Wir stimmen der Stellungnahme des 1. FC Köln zu den Vorfällen in jedem Wort zu. Wer bei FC-Spielen aktiv Gewalt sucht, bewegt sich außerhalb unserer Gemeinschaft. Auch das unsägliche „Abziehen“ von Fanartikeln und Fahnen gegnerischer Mannschaften geht aus unserer Sicht nicht und sollte unterbunden werden! Das dies die Positionen des Fan-Projekts sind, ist nicht neu. Leider sind wir immer wieder gezwungen, auch den Letzten erneut daran zu erinnern.

Was wir ein wenig bedauern, ist die selbstgerechte Sicht unserer Kollegen aus Mönchengladbach. Hier wird das Verhalten der Südtribüne, insbesondere das Motiv der Tribünenchoreo angeprangert.

Natürlich mutet der abgerissene Fohlenkopf in der Kralle des Kölner Stadtadlers martialisch und provokant an. Aus unserer Sicht bleibt diese Darstellung allerdings absolut im Rahmen einer verbalen und visuellen Auseinandersetzung zwischen rivalisierenden Fans. Wir möchten gar nicht daran denken, was unserem Geißbock Hennes in Darstellungen und/oder Gesängen schon alles widerfahren ist … Wir haben dies stets mit der Fußballfans im Allgemeinen und Kölnern im Besonderen eigenen Portion Selbstironie und sportlich genommen. Dabei verweisen wir auch auf eine Choreo der Gladbacher im Jahr 2007.  Das Motiv zeigte damals das Logo der „Wilden Horde“ mit blutiger Kopfwunde und einen zerfetzten, blutigen Geißbock. Nicht schön, aber nicht persönlich genommen …
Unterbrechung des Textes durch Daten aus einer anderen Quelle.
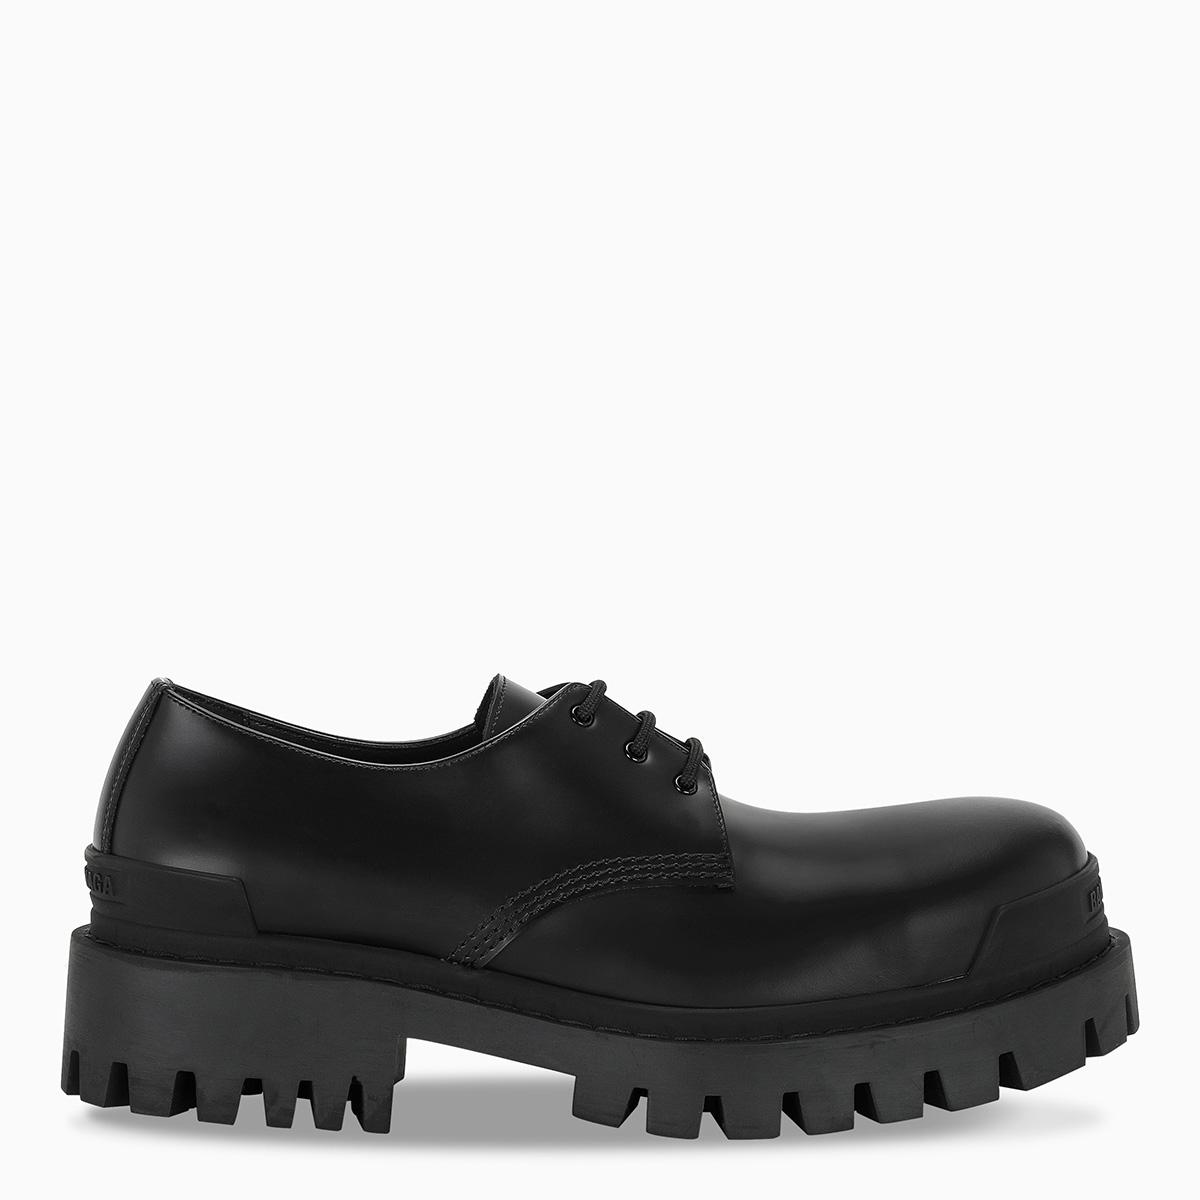 Balenciaga Leather Chunky Shoes in Black for Men - Lyst

Wir möchten den Kollegen bei der Borussia empfehlen, angesichts des Angriffs einer Gruppe Gladbacher auf den Jahnwiesen (Zu diesem  Zeitpunkt trainierten dort übrigens die Kinder der Heinz-Flohe-Fußballschule!) und dem Überfall auf die Halle, in der die Choreo vorbereitet wurde, zunächst vor der eigenen Haustüre zu kehren, so wie wir es in Köln seit dem Abstieg 2012 intensiv tun.

In eigener Sache möchten wir unserem Gästefanbetreuer Reinhard gute Besserung wünschen. Er wurde vor dem Spiel von einer Glasflasche am Kopf getroffen und verletzt. Lieber Reinhard, wir hoffen, dass Du mit  einem Schrecken davongekommen bist und freuen uns, wenn Du beim nächsten Heimspiel mit Deiner gewohnt positiven Art wieder bei uns im Stadion bist.

In dem Sinne: Bleibt ordentlich! Am Mittwoch steht der Sport wieder im Vordergrund. Scream for our team!